## [Activity]
Reproduce all of the data exactly. Images are not to appear in the reply.

[Collection entries]
**********

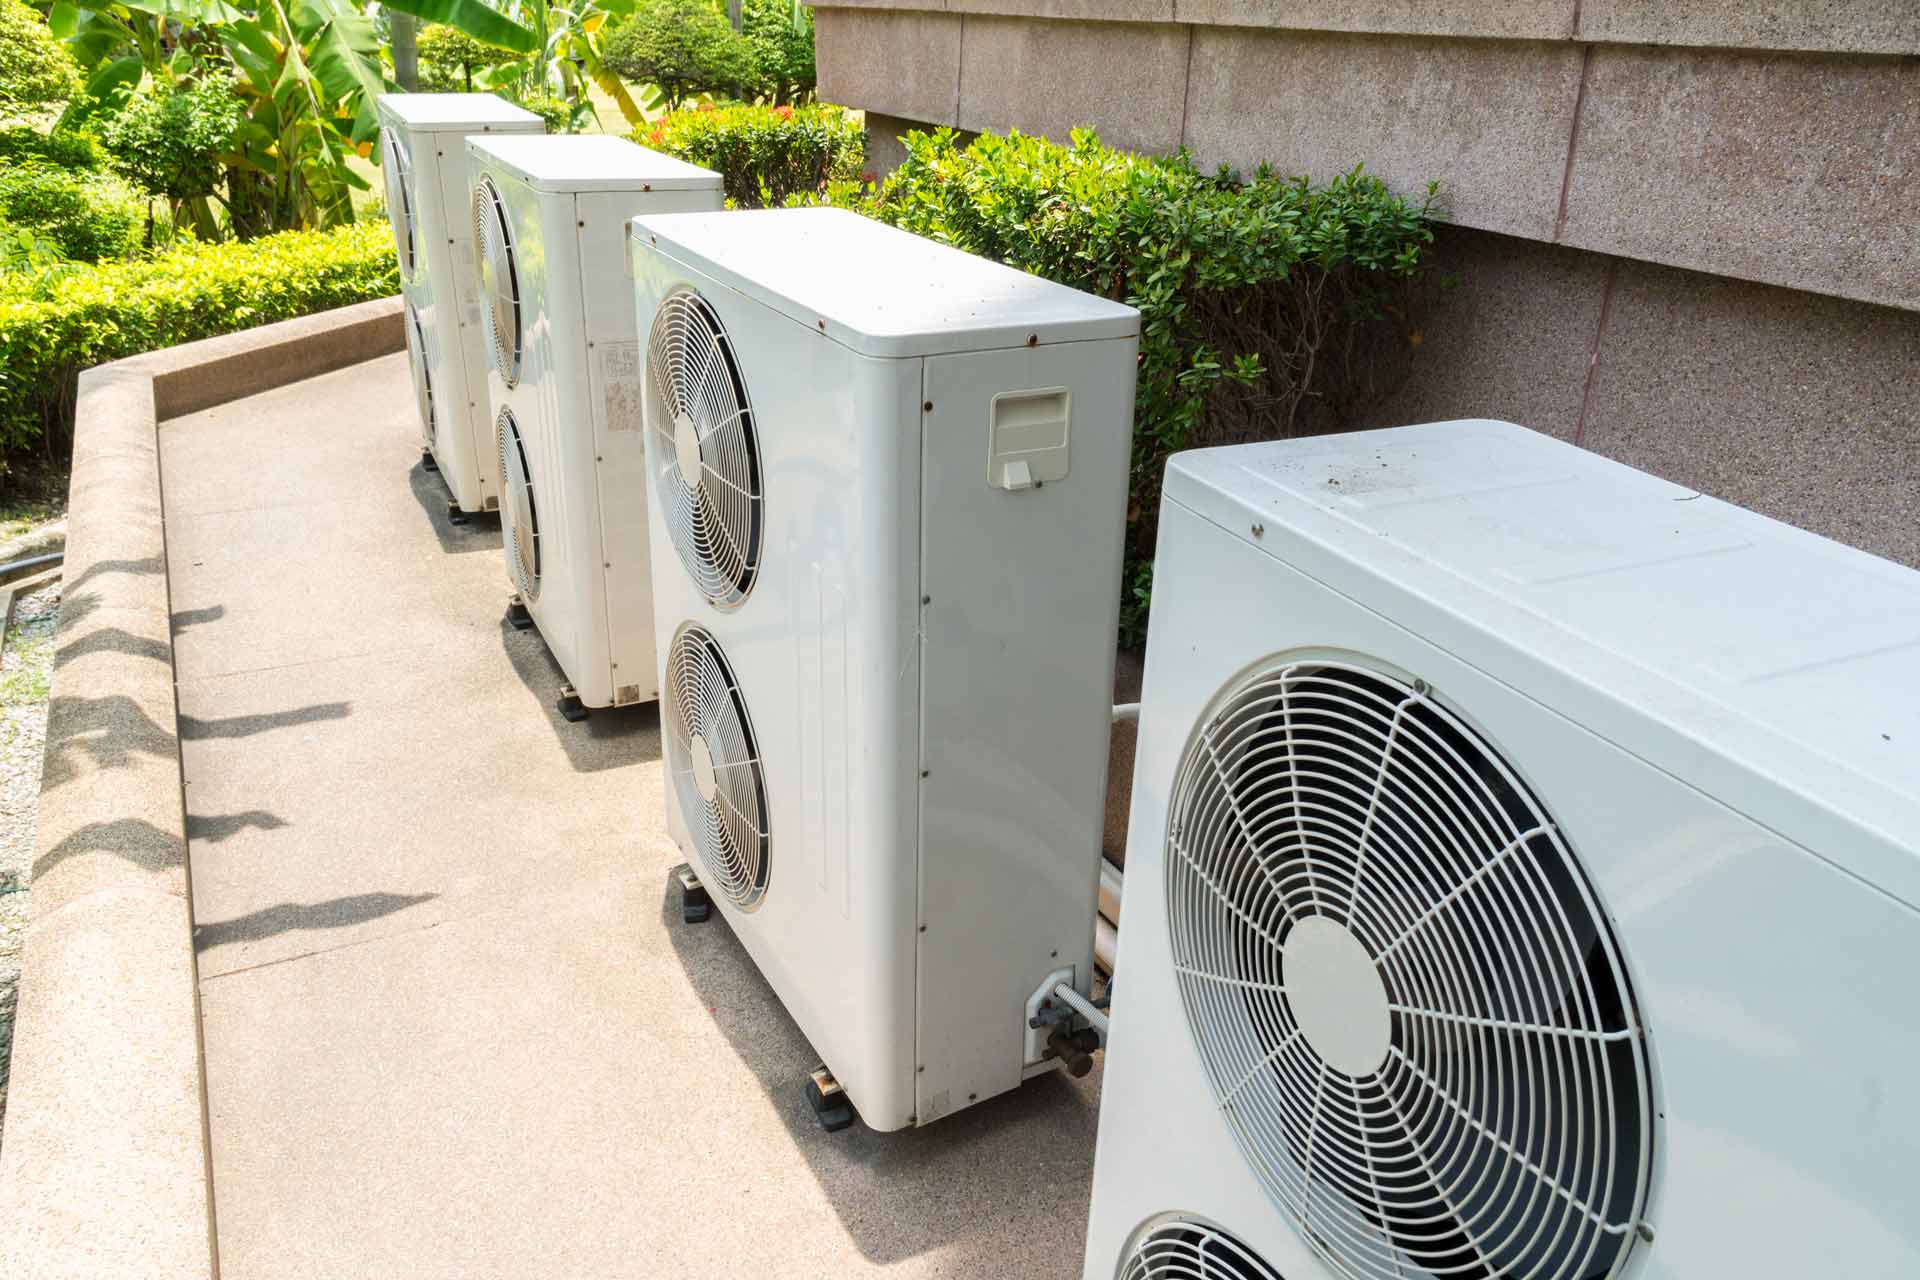 Air Conditioning Units Outside A Building
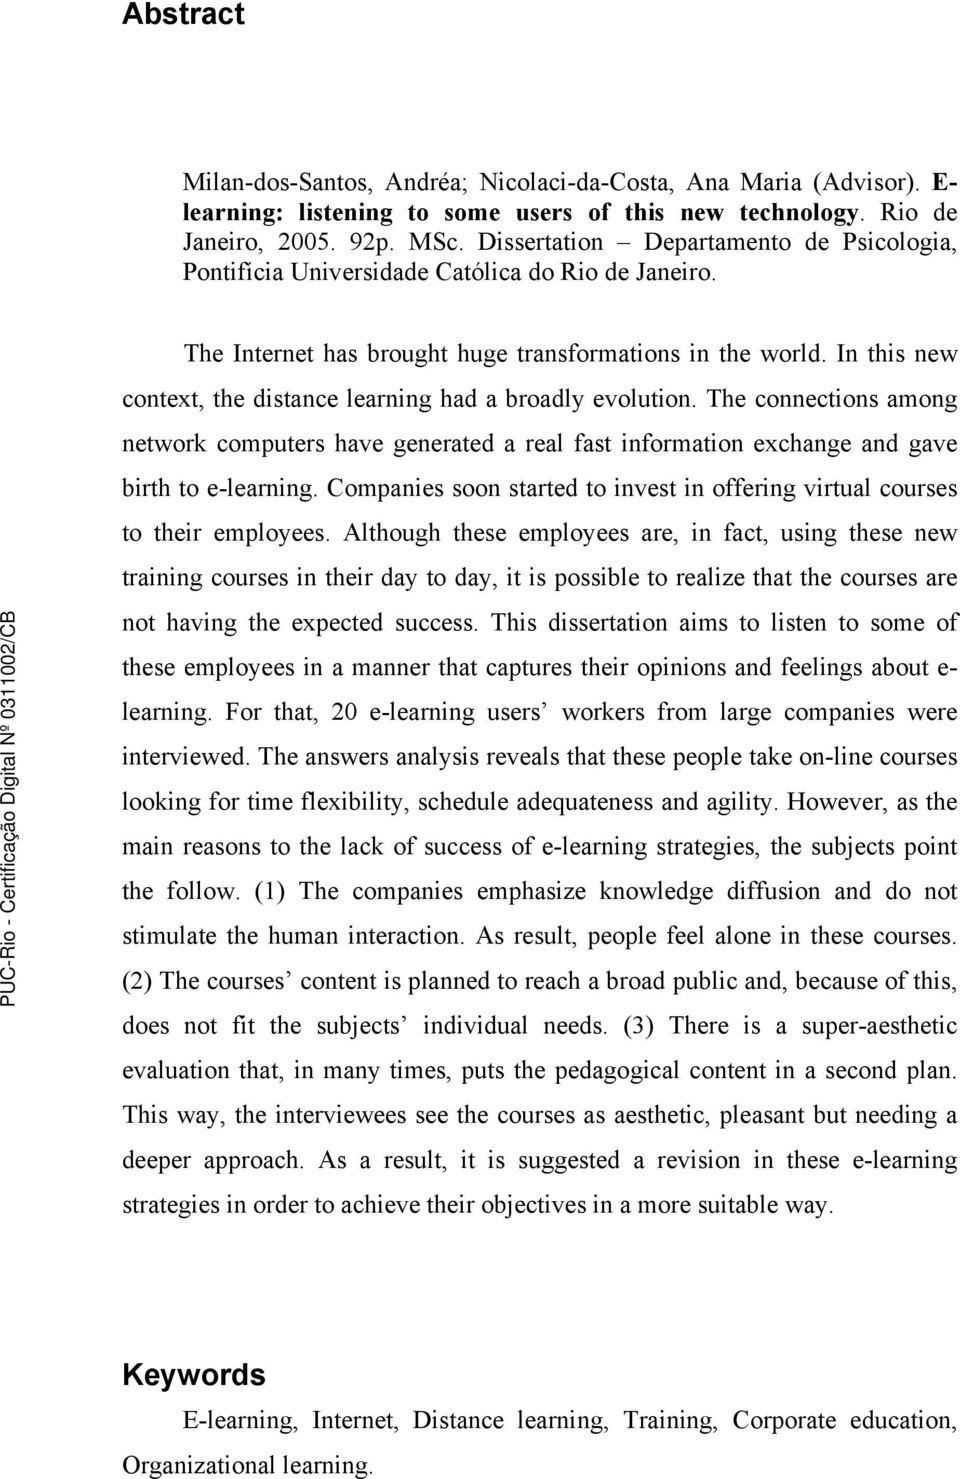 In this new context, the distance learning had a broadly evolution. The connections among network computers have generated a real fast information exchange and gave birth to e-learning.
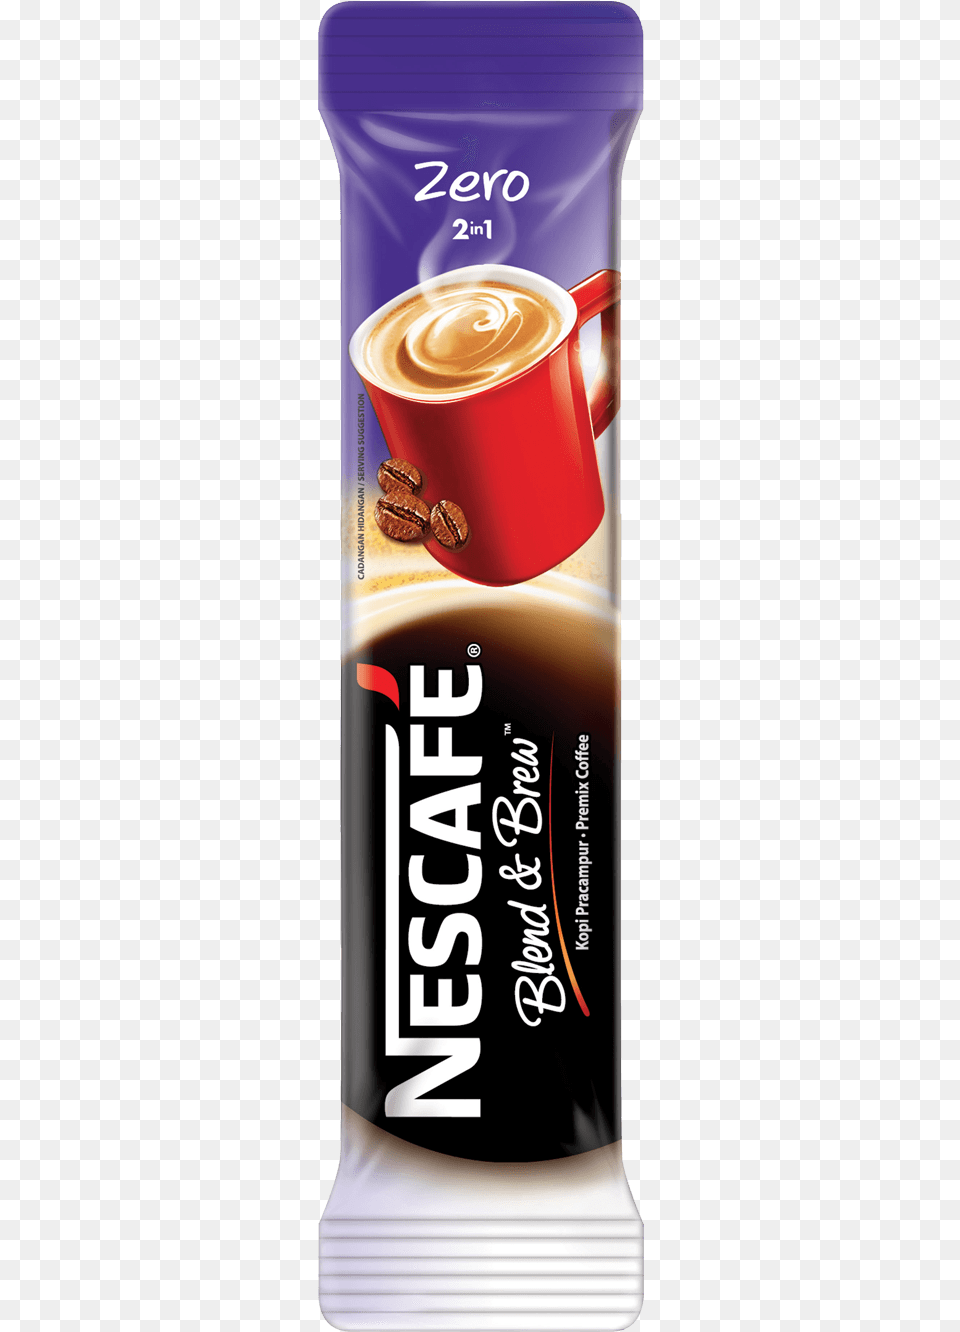 Nescafe Malaysia Blend Amp Brew Coffee With Milk Nescafe 3 In 1 Blend Amp Brew Rich Premix Coffee, Cup, Beverage, Coffee Cup, Latte Free Png Download
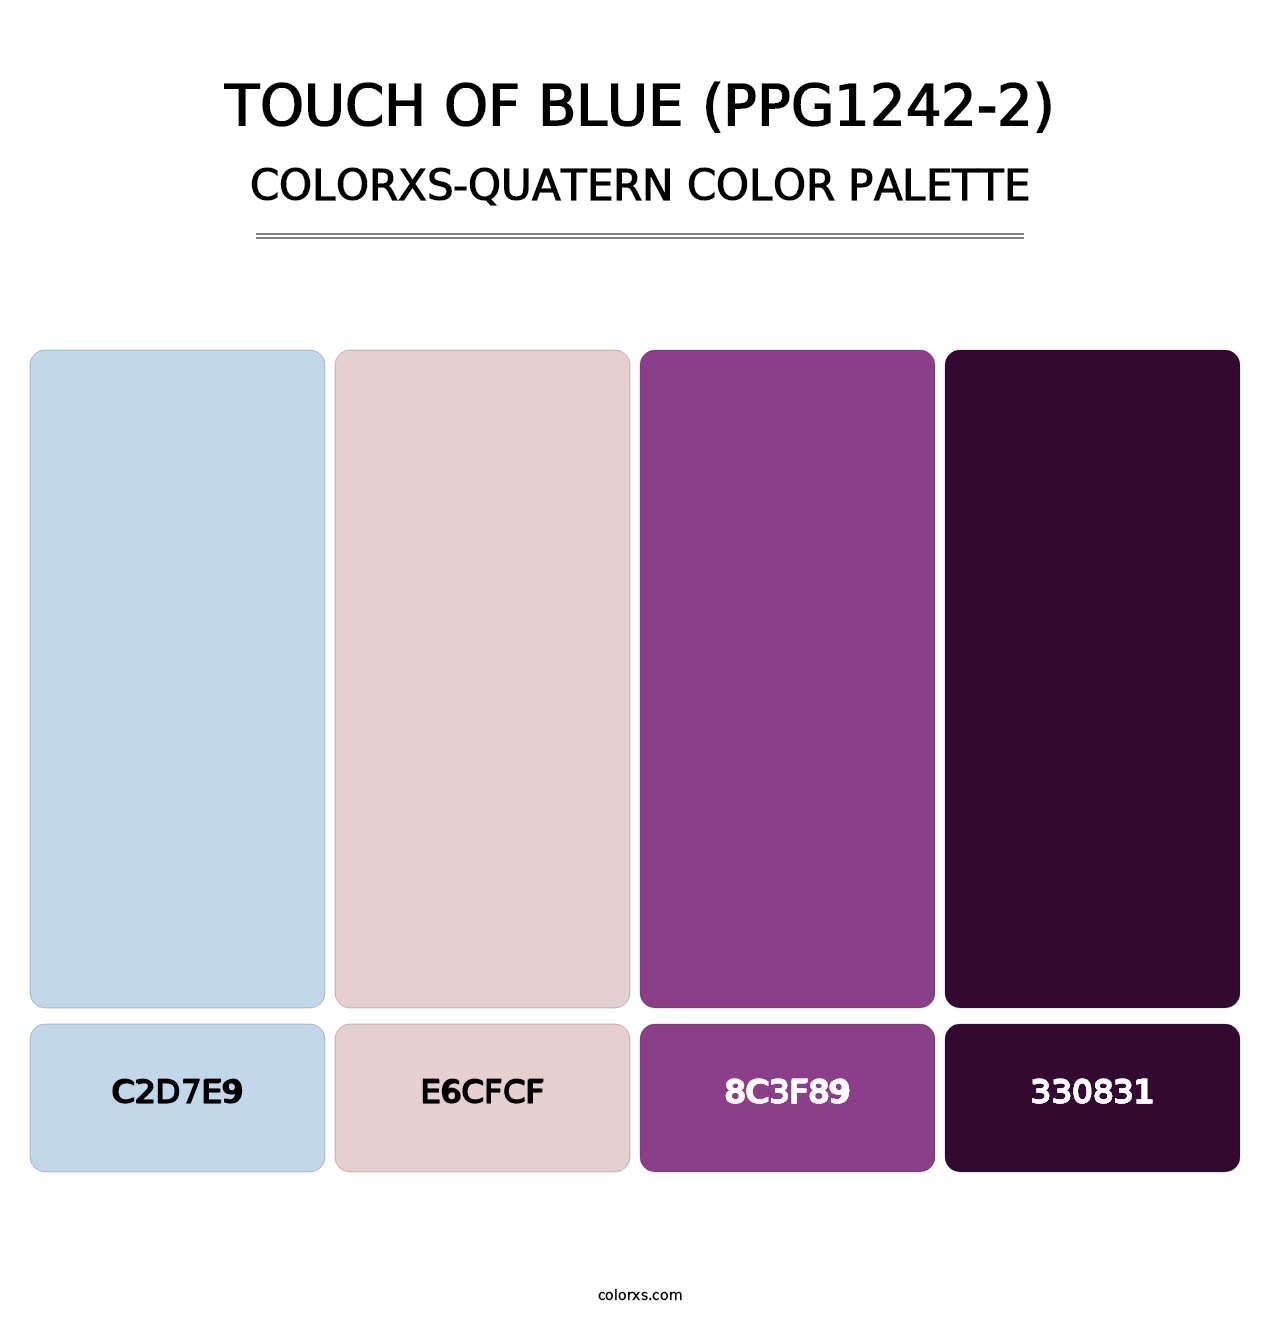 Touch Of Blue (PPG1242-2) - Colorxs Quatern Palette
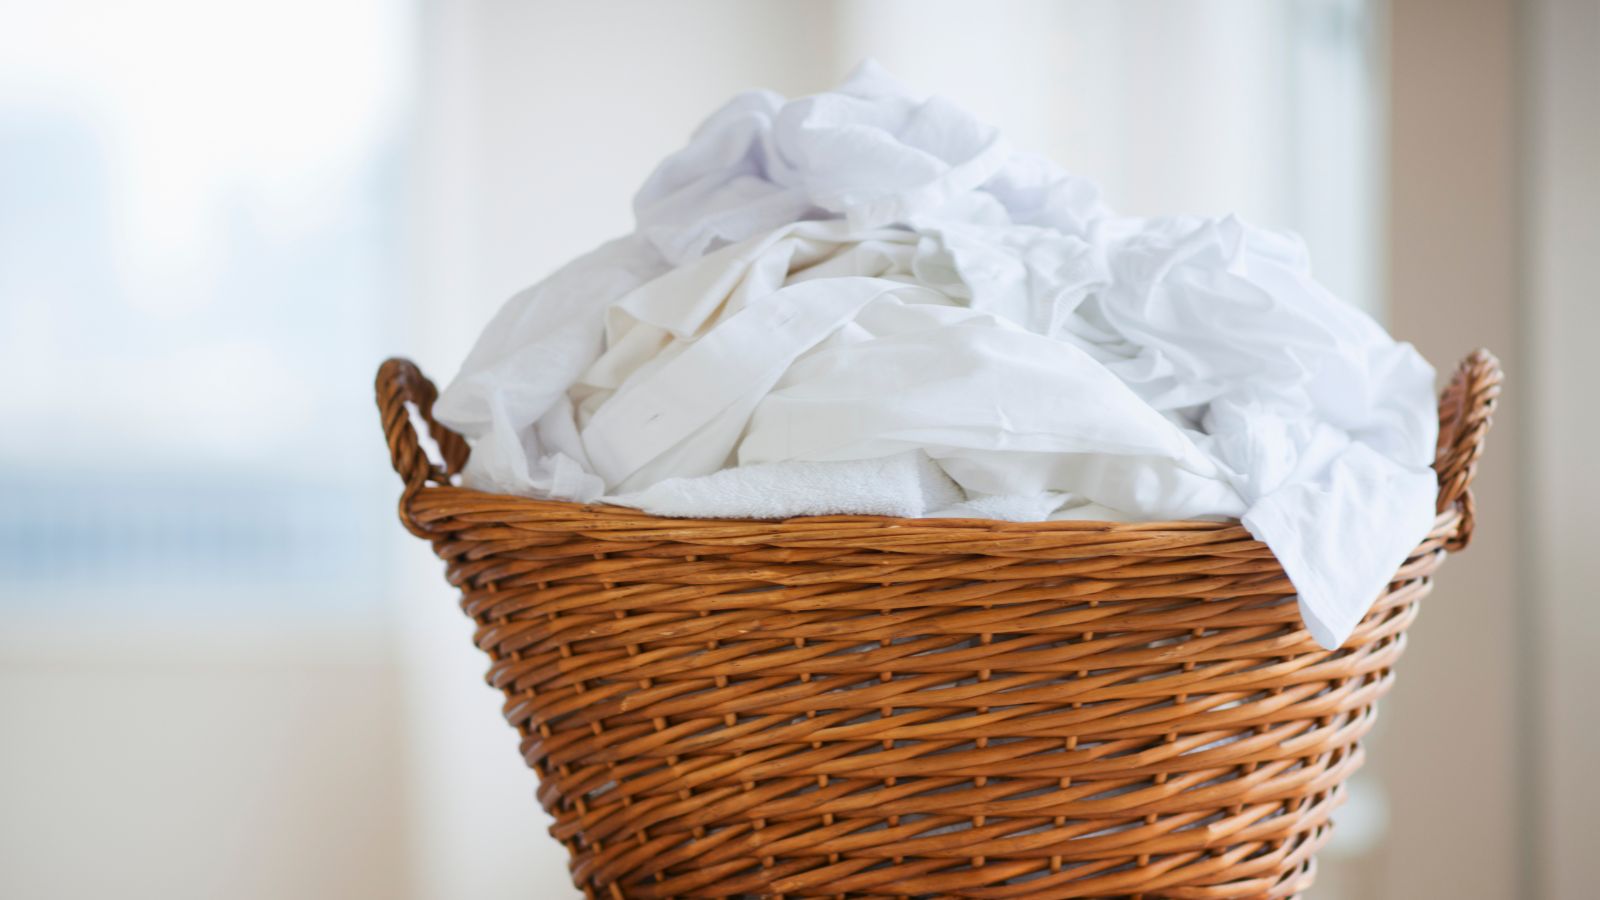 Can I dry white clothes with colors? Expert advice for avoiding

**********

## [Output for this exercise]
 Air Conditioning Units Outside A Building
 In this new context, the distance learning had a broadly evolution. The connections among network computers have generated a real fast information exchange and gave birth to e-learning.
 Nescafe Malaysia Blend Amp Brew Coffee With Milk Nescafe 3 In 1 Blend Amp Brew Rich Premix Coffee, Cup, Beverage, Coffee Cup, Latte Free Png Download
 Touch Of Blue (PPG1242-2) - Colorxs Quatern Palette
 Can I dry white clothes with colors? Expert advice for avoiding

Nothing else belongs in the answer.